* [EXERCISE PROMPT]:
All the data should be repeated exactly. Any image in it is left out.

GIVEN DATA START

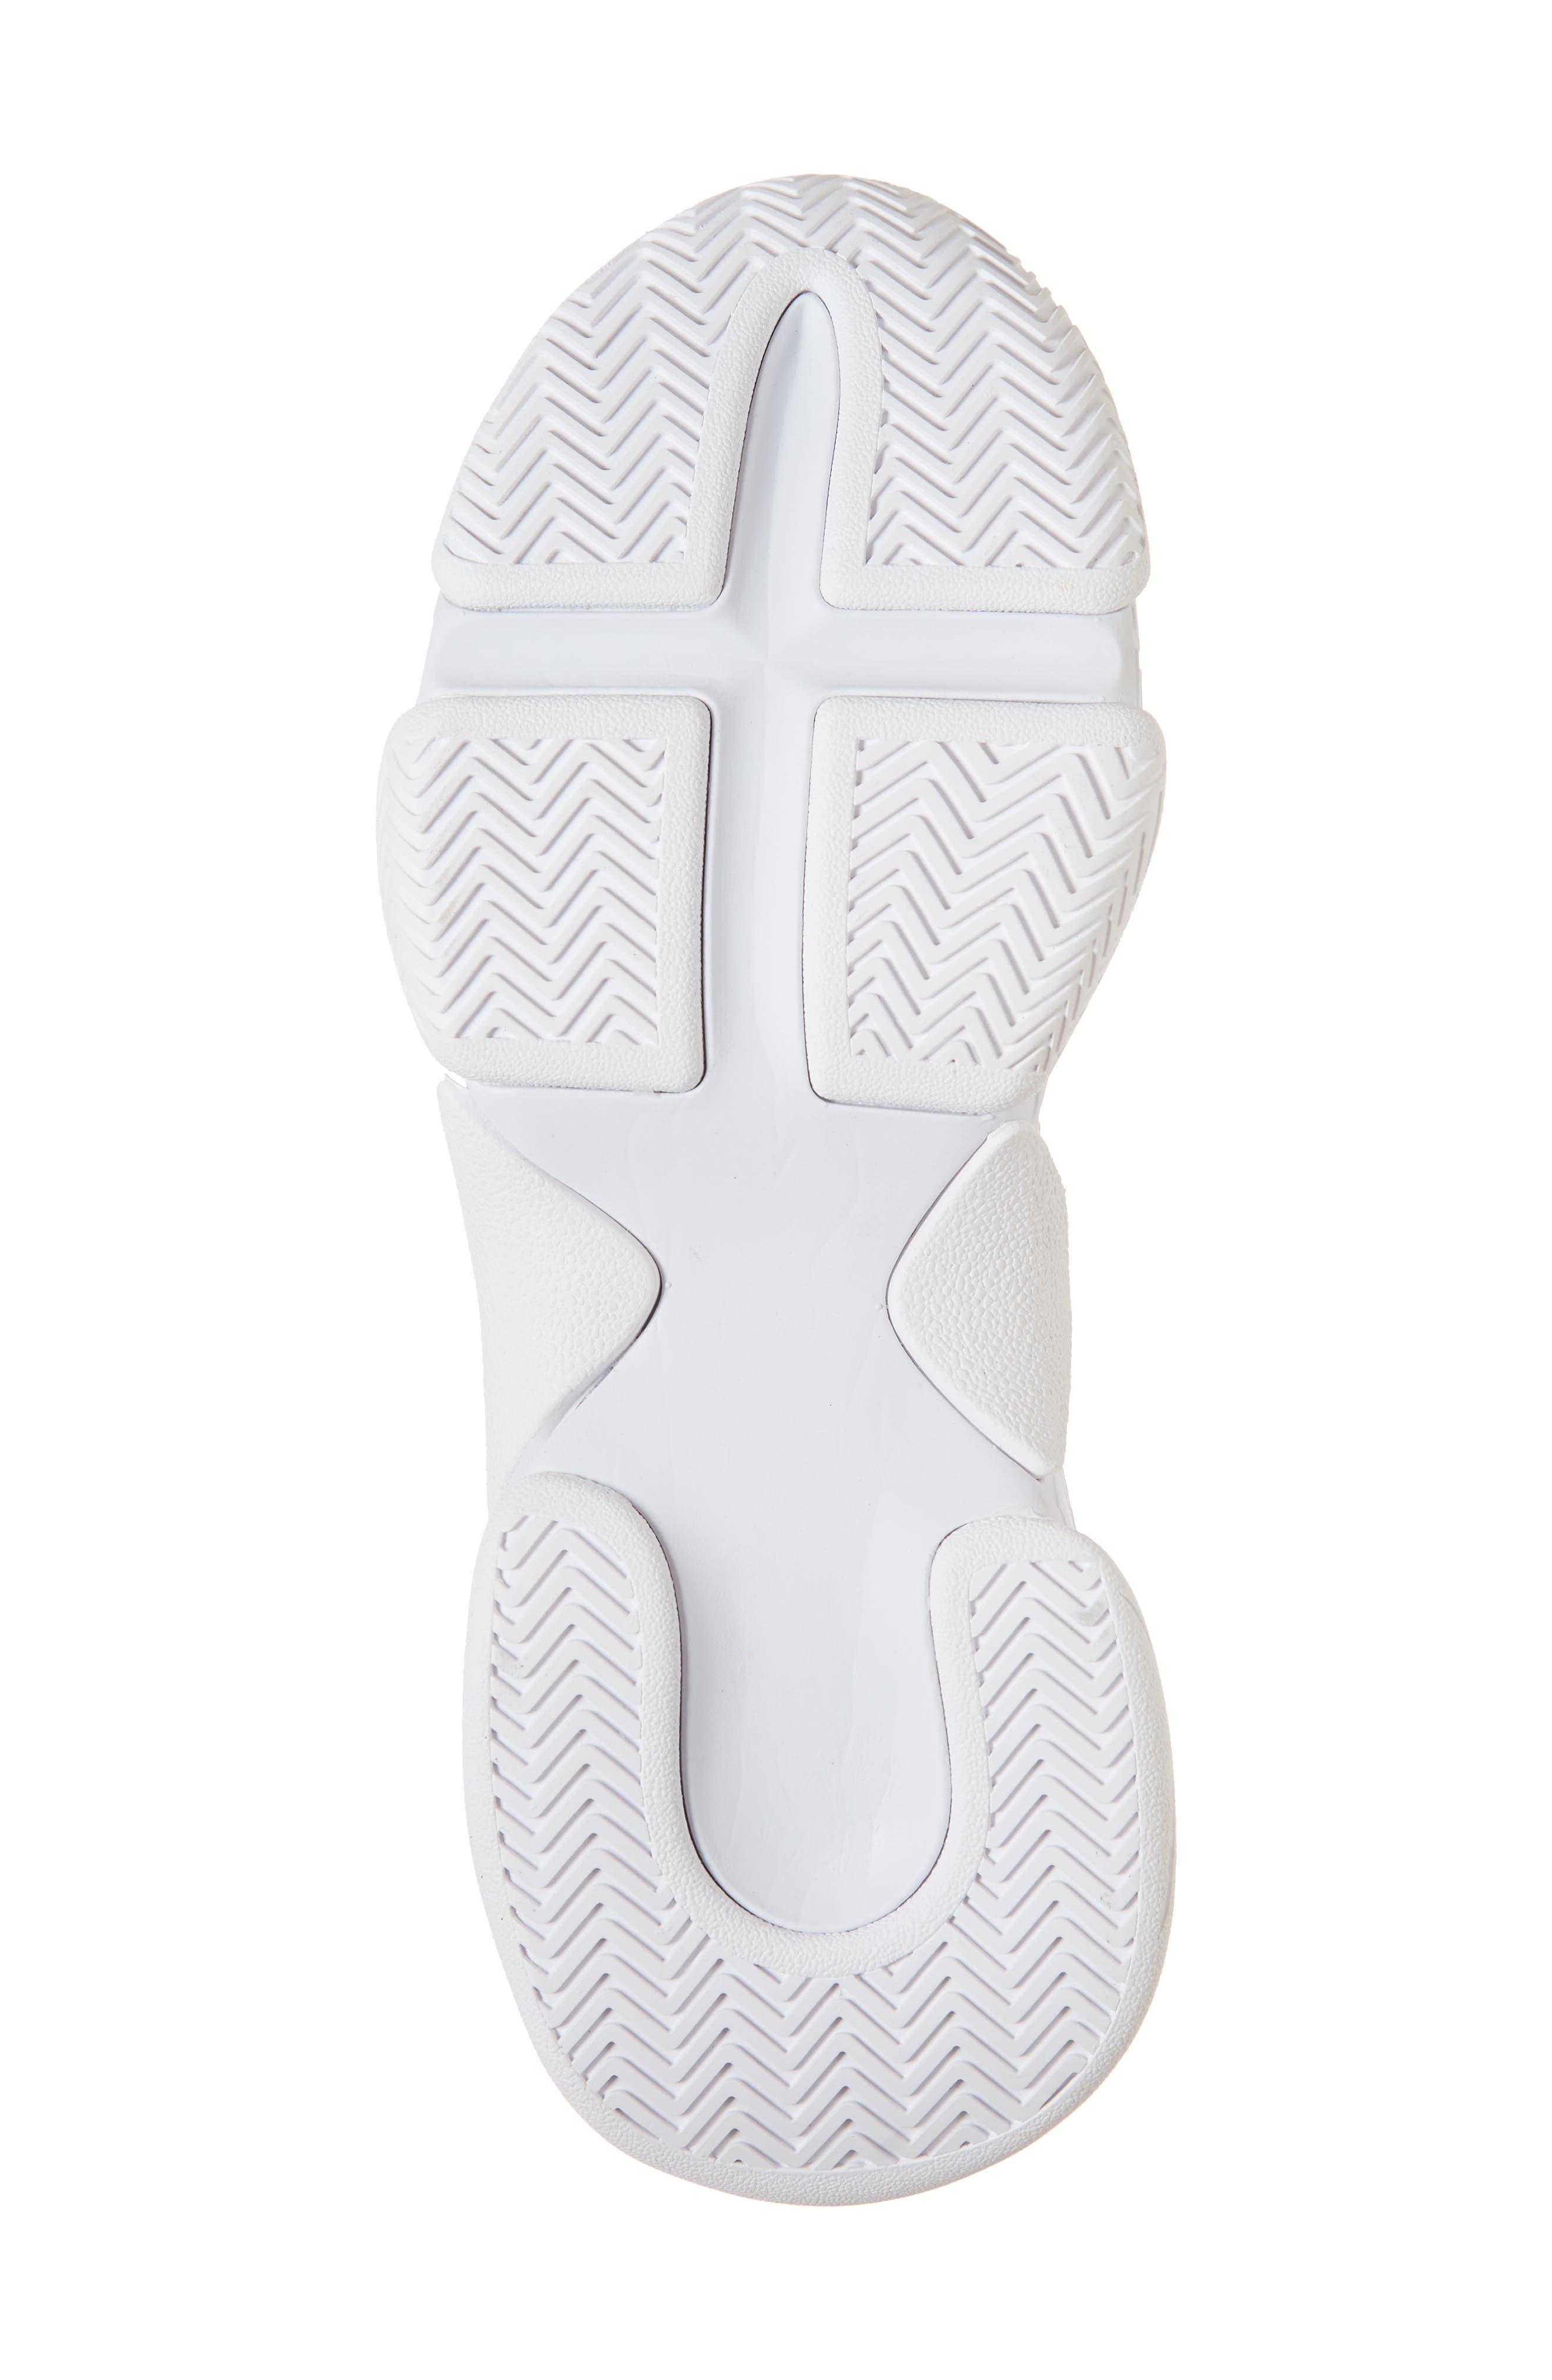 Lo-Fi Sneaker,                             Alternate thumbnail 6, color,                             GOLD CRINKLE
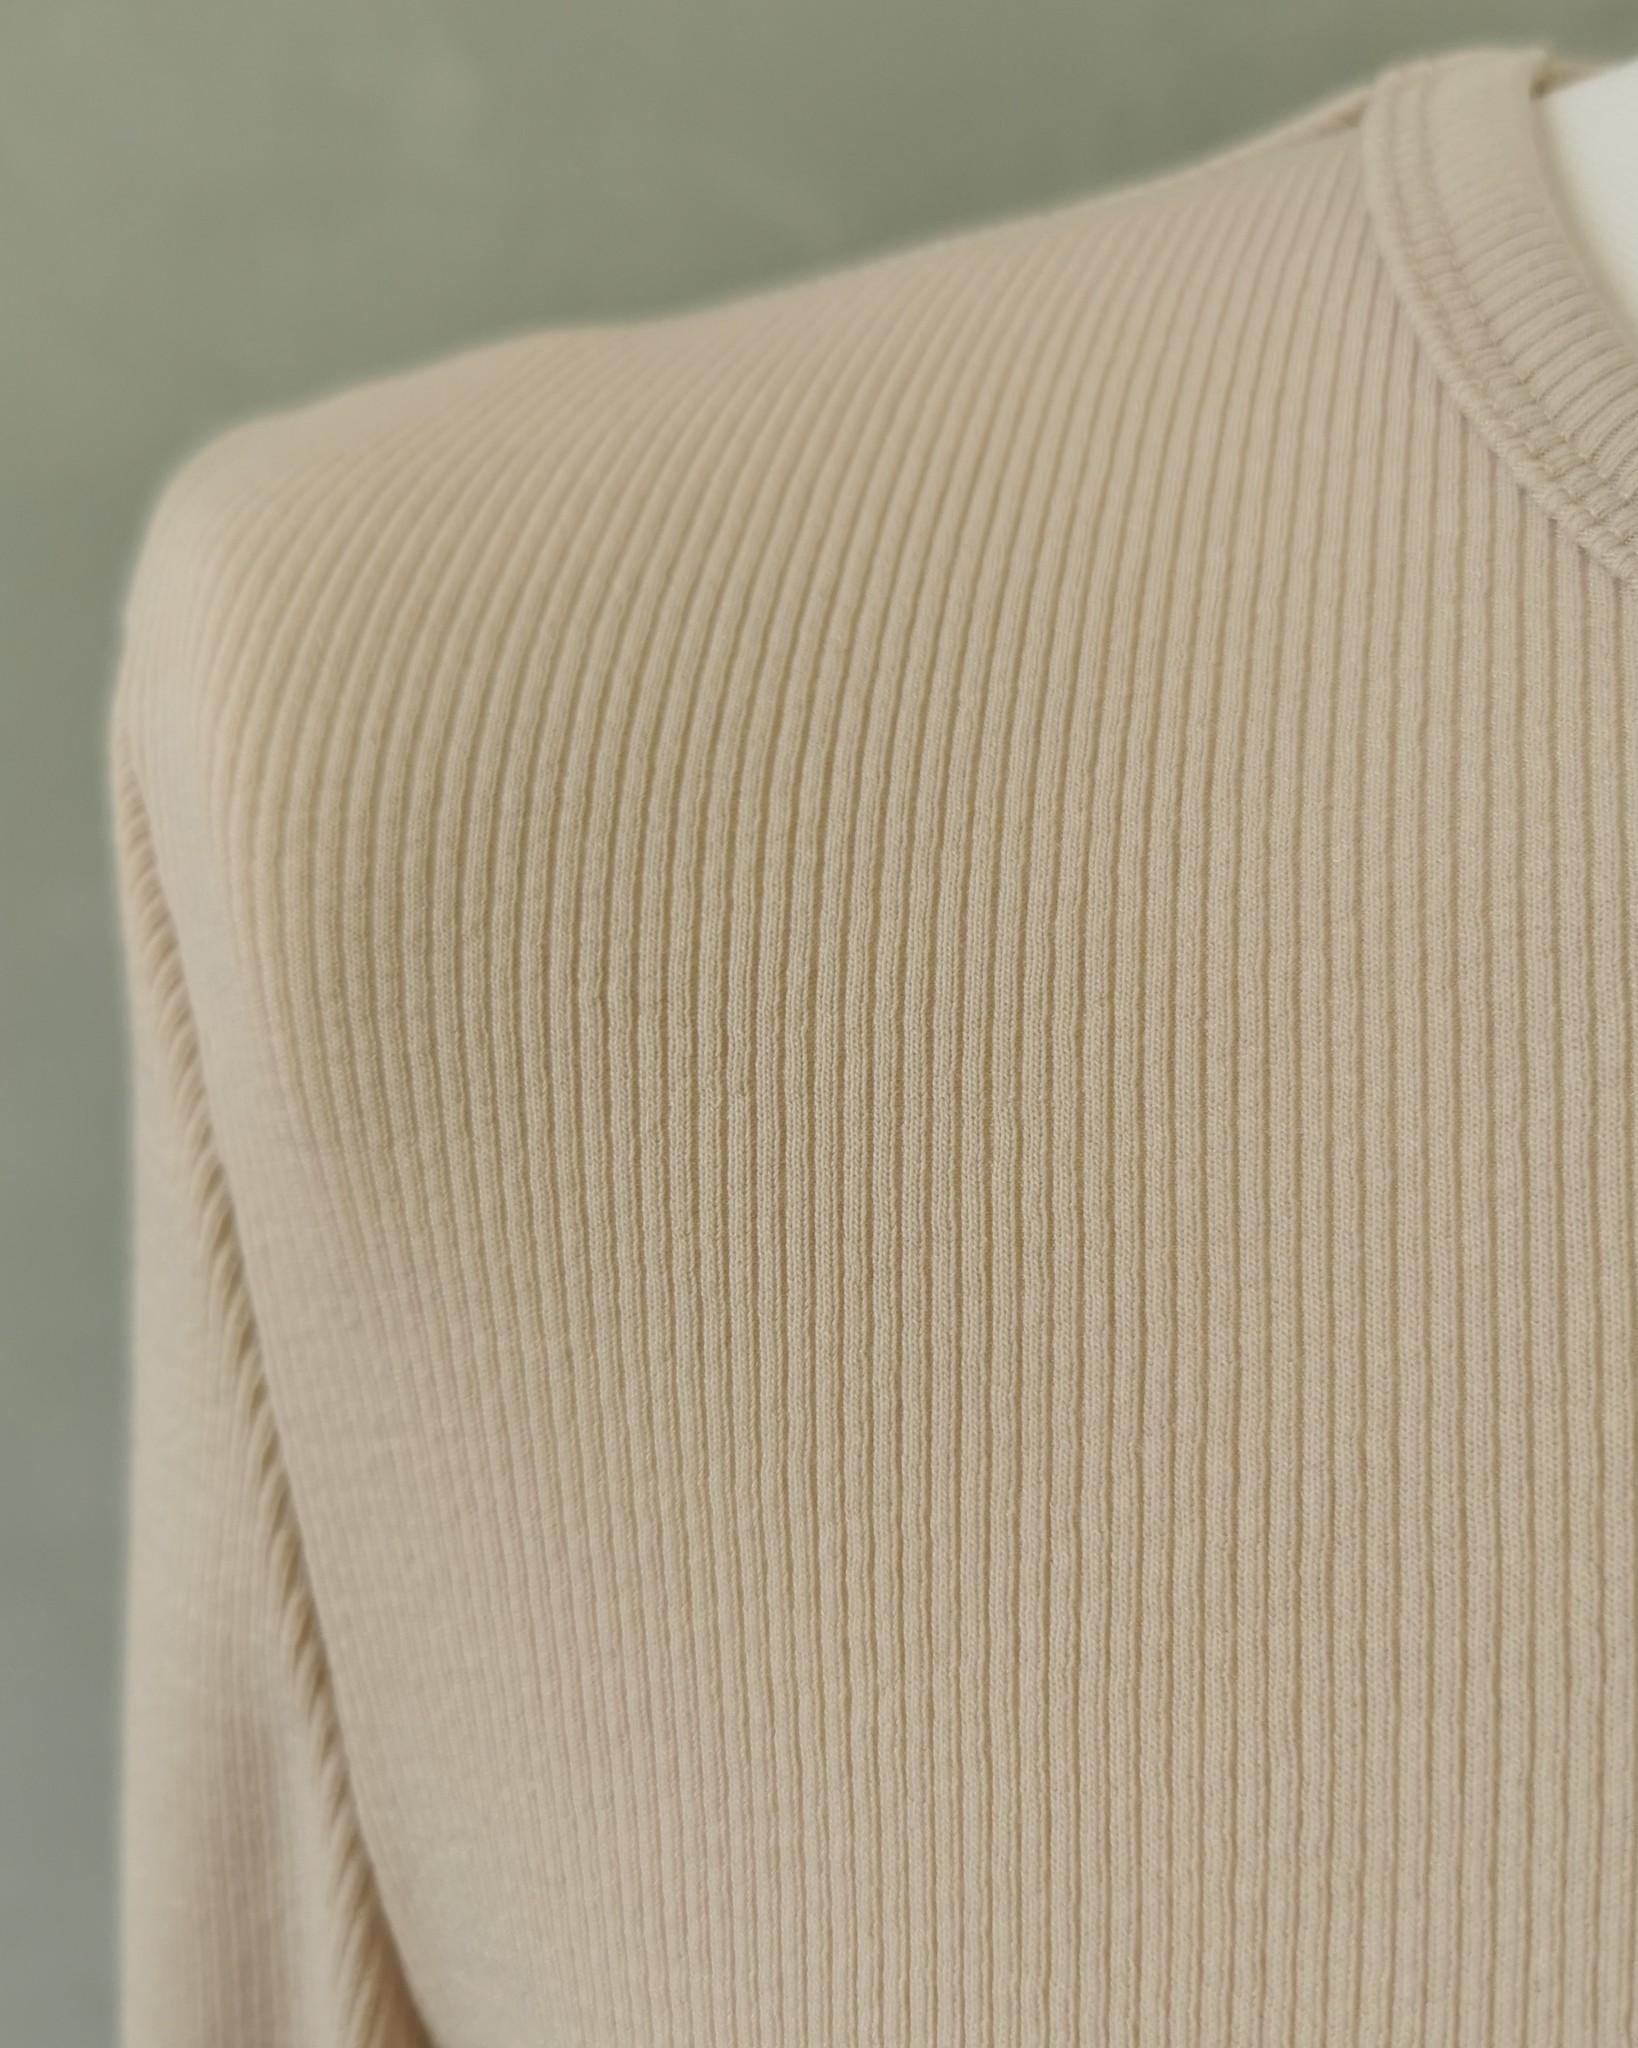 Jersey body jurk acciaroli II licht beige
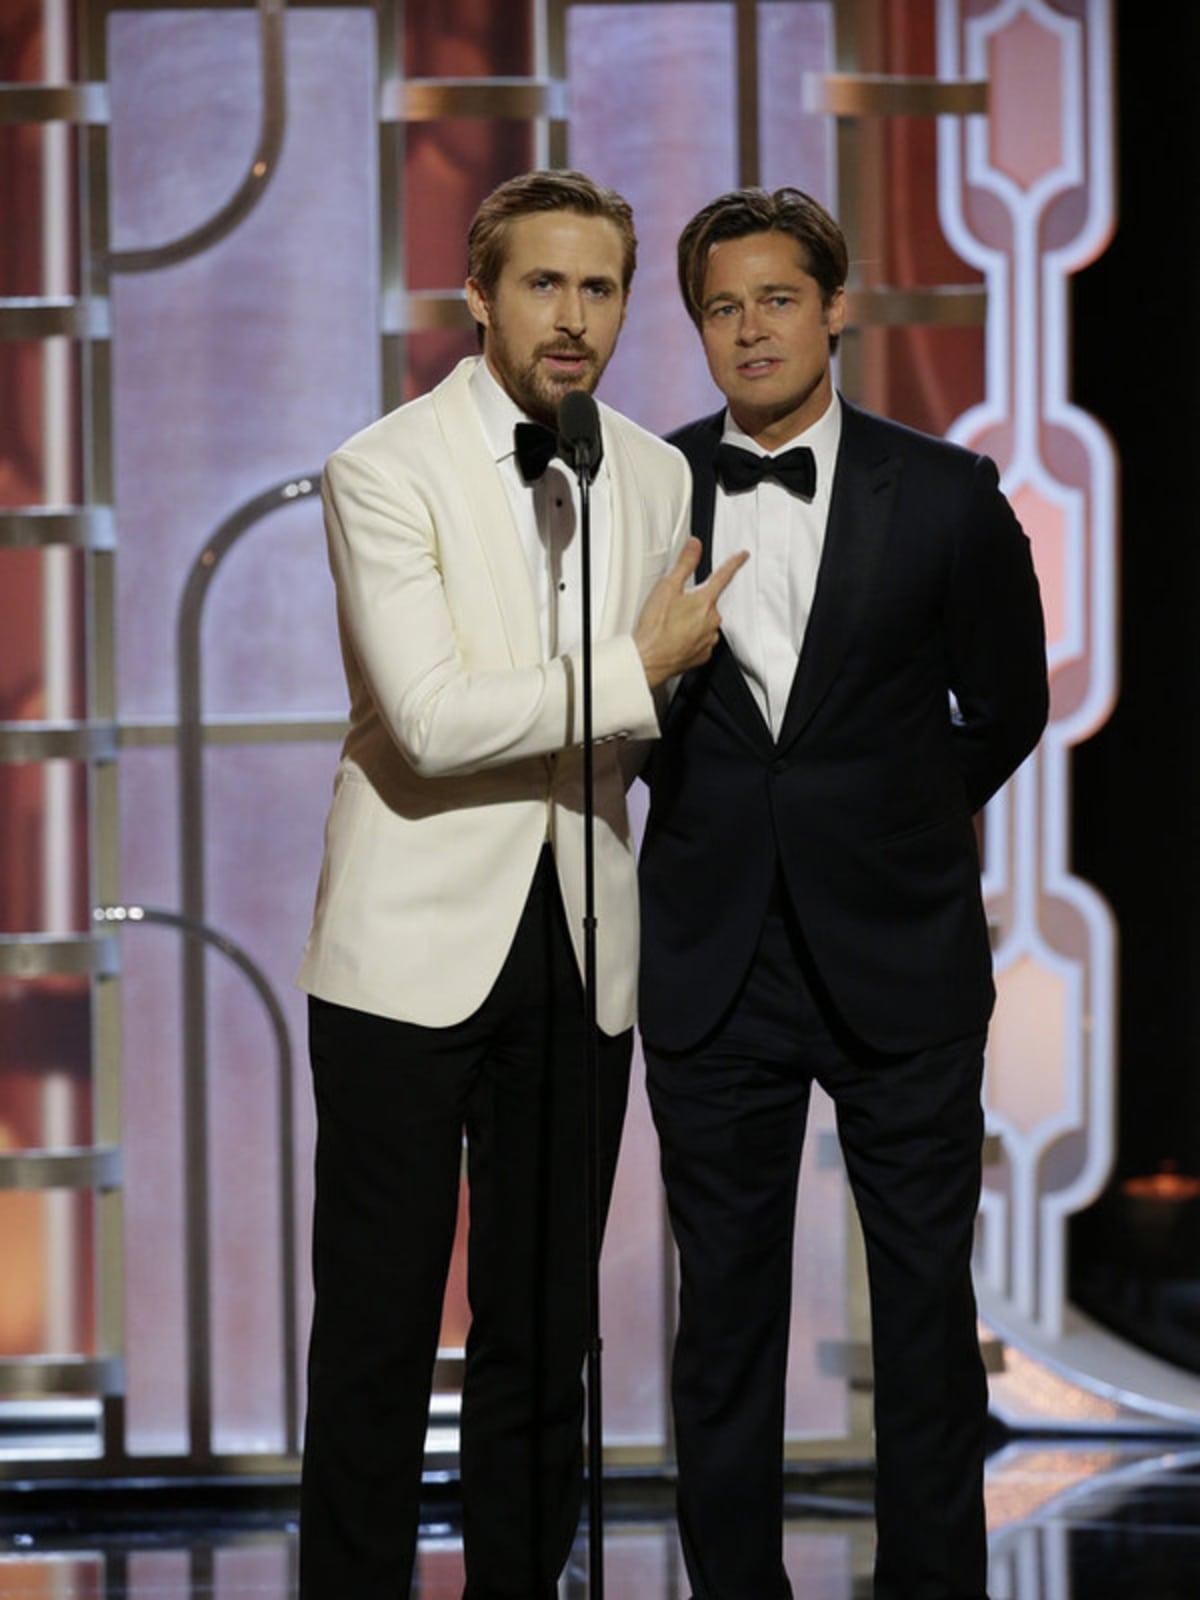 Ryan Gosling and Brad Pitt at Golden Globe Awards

GIVEN DATA END

* [REPLY]:
 Lo-Fi Sneaker,                             Alternate thumbnail 6, color,                             GOLD CRINKLE
 Jersey body jurk acciaroli II licht beige
 Ryan Gosling and Brad Pitt at Golden Globe Awards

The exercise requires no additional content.